■ **Action item**: The data below is to be repeated in full, exactly as given.

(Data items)
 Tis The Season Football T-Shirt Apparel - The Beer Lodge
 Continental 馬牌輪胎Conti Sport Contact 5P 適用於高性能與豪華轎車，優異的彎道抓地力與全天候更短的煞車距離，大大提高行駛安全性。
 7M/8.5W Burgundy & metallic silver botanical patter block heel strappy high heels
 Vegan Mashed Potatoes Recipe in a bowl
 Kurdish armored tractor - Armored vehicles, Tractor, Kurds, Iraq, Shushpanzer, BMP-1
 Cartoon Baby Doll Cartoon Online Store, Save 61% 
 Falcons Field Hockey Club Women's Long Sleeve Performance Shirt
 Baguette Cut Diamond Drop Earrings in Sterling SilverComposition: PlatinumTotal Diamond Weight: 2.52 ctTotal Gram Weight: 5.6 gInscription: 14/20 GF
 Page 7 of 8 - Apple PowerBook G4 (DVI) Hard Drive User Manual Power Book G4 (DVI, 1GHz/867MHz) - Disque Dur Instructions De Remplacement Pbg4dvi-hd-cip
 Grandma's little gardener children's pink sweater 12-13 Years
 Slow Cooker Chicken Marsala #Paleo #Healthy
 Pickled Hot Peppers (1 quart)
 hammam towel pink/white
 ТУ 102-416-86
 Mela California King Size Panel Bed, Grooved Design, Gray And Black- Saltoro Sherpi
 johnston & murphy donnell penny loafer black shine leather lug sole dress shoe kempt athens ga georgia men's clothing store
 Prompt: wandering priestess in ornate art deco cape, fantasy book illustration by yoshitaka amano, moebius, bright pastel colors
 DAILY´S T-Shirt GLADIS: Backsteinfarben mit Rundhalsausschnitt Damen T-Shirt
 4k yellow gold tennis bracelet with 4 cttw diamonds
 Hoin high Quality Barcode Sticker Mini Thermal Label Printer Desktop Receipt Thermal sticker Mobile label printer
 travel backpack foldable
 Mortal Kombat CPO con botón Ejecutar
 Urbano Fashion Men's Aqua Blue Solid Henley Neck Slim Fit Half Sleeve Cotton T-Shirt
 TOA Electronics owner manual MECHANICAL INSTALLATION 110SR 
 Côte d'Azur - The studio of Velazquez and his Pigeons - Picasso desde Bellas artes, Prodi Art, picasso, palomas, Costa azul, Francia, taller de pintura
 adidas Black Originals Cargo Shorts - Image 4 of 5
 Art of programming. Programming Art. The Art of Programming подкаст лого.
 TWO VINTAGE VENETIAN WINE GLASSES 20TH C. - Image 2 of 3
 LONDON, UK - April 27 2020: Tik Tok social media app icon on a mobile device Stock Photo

■ **Reply**:
 Tis The Season Football T-Shirt Apparel - The Beer Lodge
 Continental 馬牌輪胎Conti Sport Contact 5P 適用於高性能與豪華轎車，優異的彎道抓地力與全天候更短的煞車距離，大大提高行駛安全性。
 7M/8.5W Burgundy & metallic silver botanical patter block heel strappy high heels
 Vegan Mashed Potatoes Recipe in a bowl
 Kurdish armored tractor - Armored vehicles, Tractor, Kurds, Iraq, Shushpanzer, BMP-1
 Cartoon Baby Doll Cartoon Online Store, Save 61% 
 Falcons Field Hockey Club Women's Long Sleeve Performance Shirt
 Baguette Cut Diamond Drop Earrings in Sterling SilverComposition: PlatinumTotal Diamond Weight: 2.52 ctTotal Gram Weight: 5.6 gInscription: 14/20 GF
 Page 7 of 8 - Apple PowerBook G4 (DVI) Hard Drive User Manual Power Book G4 (DVI, 1GHz/867MHz) - Disque Dur Instructions De Remplacement Pbg4dvi-hd-cip
 Grandma's little gardener children's pink sweater 12-13 Years
 Slow Cooker Chicken Marsala #Paleo #Healthy
 Pickled Hot Peppers (1 quart)
 hammam towel pink/white
 ТУ 102-416-86
 Mela California King Size Panel Bed, Grooved Design, Gray And Black- Saltoro Sherpi
 johnston & murphy donnell penny loafer black shine leather lug sole dress shoe kempt athens ga georgia men's clothing store
 Prompt: wandering priestess in ornate art deco cape, fantasy book illustration by yoshitaka amano, moebius, bright pastel colors
 DAILY´S T-Shirt GLADIS: Backsteinfarben mit Rundhalsausschnitt Damen T-Shirt
 4k yellow gold tennis bracelet with 4 cttw diamonds
 Hoin high Quality Barcode Sticker Mini Thermal Label Printer Desktop Receipt Thermal sticker Mobile label printer
 travel backpack foldable
 Mortal Kombat CPO con botón Ejecutar
 Urbano Fashion Men's Aqua Blue Solid Henley Neck Slim Fit Half Sleeve Cotton T-Shirt
 TOA Electronics owner manual MECHANICAL INSTALLATION 110SR 
 Côte d'Azur - The studio of Velazquez and his Pigeons - Picasso desde Bellas artes, Prodi Art, picasso, palomas, Costa azul, Francia, taller de pintura
 adidas Black Originals Cargo Shorts - Image 4 of 5
 Art of programming. Programming Art. The Art of Programming подкаст лого.
 TWO VINTAGE VENETIAN WINE GLASSES 20TH C. - Image 2 of 3
 LONDON, UK - April 27 2020: Tik Tok social media app icon on a mobile device Stock Photo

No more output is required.